Terminazione mobile: 38 parlamentari si schierano a favore dei tagli

IL DIBATTITO

Un pool di senatori del Pdl scrive all'Agcom: "Bisogna applicare la tariffa di un centesimo al minuto dal 1 gennaio 2012"

di P.A.
"I sottoscritti senatori e deputati della Repubblica intendono manifestare con la presente lettera la propria preoccupazione circa il rischio che i costi di terminazione interoperatore delle chiamate terminate sulle reti radiomobili vengano mantenuti ai livelli attualmente in vigore". Inizia così la lettera inviata da 38 parlamentari all’Agcom, scrive MF.

"L’Unione europea ha più volte sollecitato una drastica riduzione dei costi di terminazione con un beneficio per i consumatori", si legge nel documento che poi richiama lo studio effettuato da Consumatori Associati pubblicato sul Corriere delle Comunicazioni da lo scorso 19 ottobre.

"L’interesse degli operatori al mantenimento di un elevato livello di terminazione confligge con l’interesse dei consumatori a tariffe eque tanto più nell’attuale drammatica congiuntura economica oltre che con l’esigenza di tutelare la concorrenza del settore". "Chiediamo quindi - conclude la lettera - una rapida approvazione di una delibera dell’Autorità per la Garanzia nelle Comunicazioni che fissi il livello della terminazione su rete radiomobile ad un centesimo di euro al minuto sin dal 1 gennaio 2012".

Una richiesta che probabilmente sarà destinata a far discutere nei prossimi giorni. Il documento porta la firma tra gli altri dei senatori Massidda, Possa, Piscitelli e Latronico e dai deputati Galletti, Vignali oltre che da Maurizio Lupi (Pdl), vicepresidente della Camera.

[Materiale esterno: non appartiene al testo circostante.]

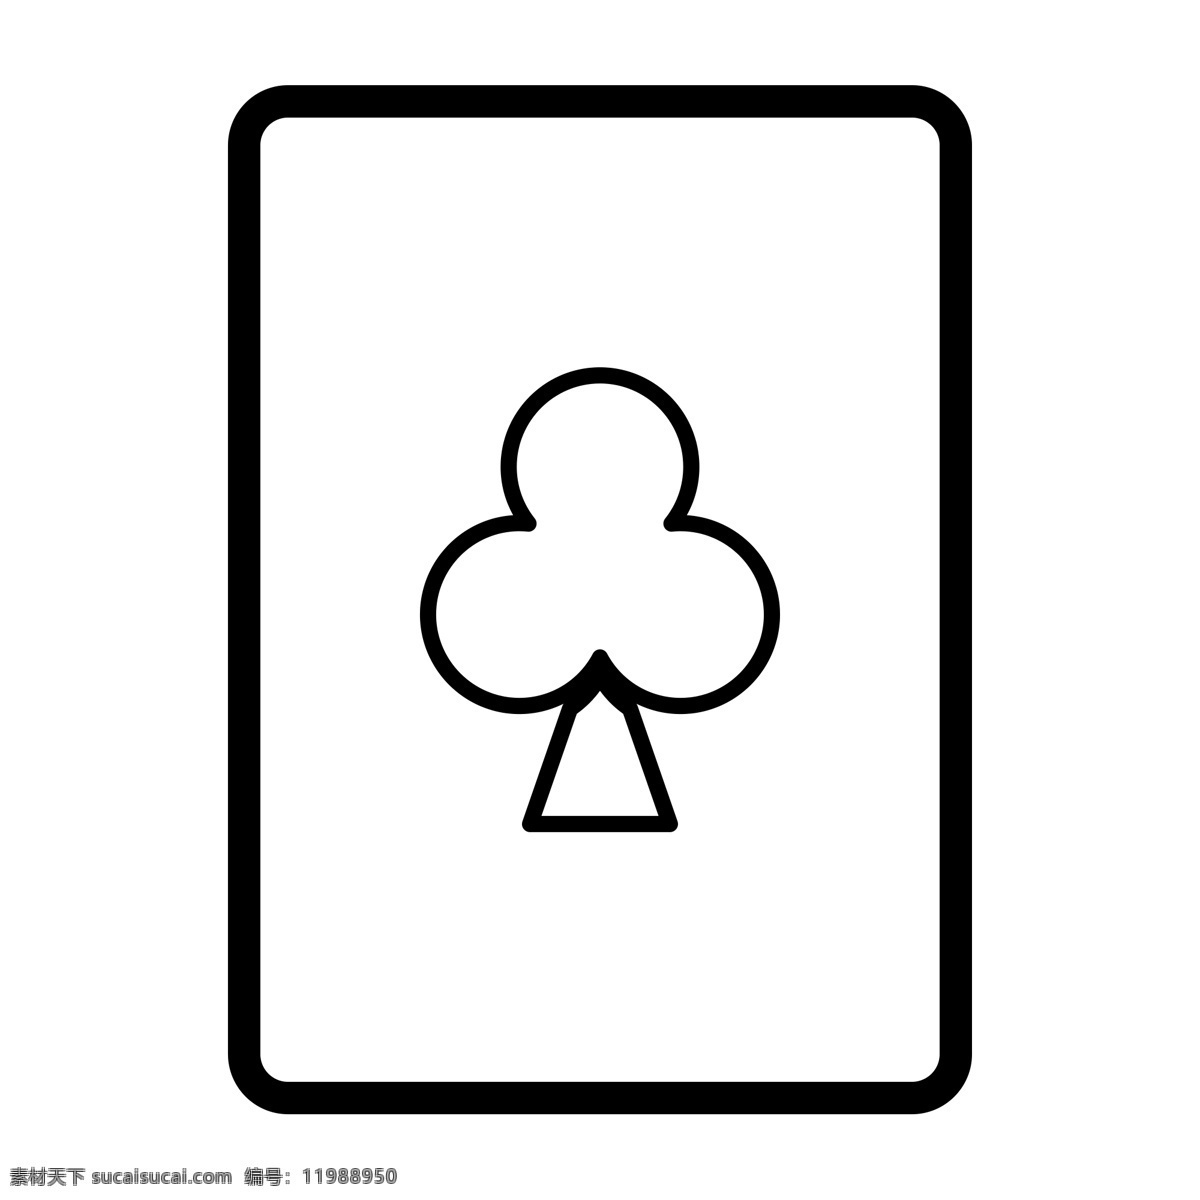 黑色 创意 扑克牌 元素 智力 游戏 玩耍 扁平化 ui 图标 卡通插画 圆角 线稿

Adiconsum, ridurre i costi di terminazione non implica calo tariffe
Ridurre i costi di terminazione nella telefonia mobile (quelli cioè che un’azienda paga all’altra per il passaggio di una telefonata sulla propria rete) non vuol dire riduzione automatica delle tariffe per i consumatori.

La terminazione nella telefonia, infatti, ha il compito di equilibrare il mercato, garantendo uno sviluppo armonioso di tutte le aziende, comprese quelle più giovani. Con il passare del tempo i costi di terminazione dovranno ridursi fino a scomparire, ma rispettando determinati tempi e percentuali di riduzione.

Modificare gli equilibri e le tempistiche già stabilite dall’Agcom potrebbe cambiare i piani di sviluppo delle aziende che, per rispettarli, potrebbero decidere, come ultima soluzione, di aumentare le tariffe, e far pagare, come spesso accade, i consumatori.

Cosa questa che Adiconsum non vuole. Adiconsum è convinta – dichiara Pietro Giordano, Segretario Generale – che sia compito esclusivo dell’Autorità garante per le comunicazioni - decidere con oculatezza in merito alle terminazioni, tenendo in considerazione le caratteristiche italiane del mercato che si differiscono dagli altri paesi europei, in piena autonomia, e senza sottostare ad alcun tipo di pressione. La terminazione non deve far aumentare le tariffe del mobile che sono le più basse d’Europa, ma deve far abbassare il costo della telefonata da fisso a mobile, salvaguardando quindi imprese e consumatori.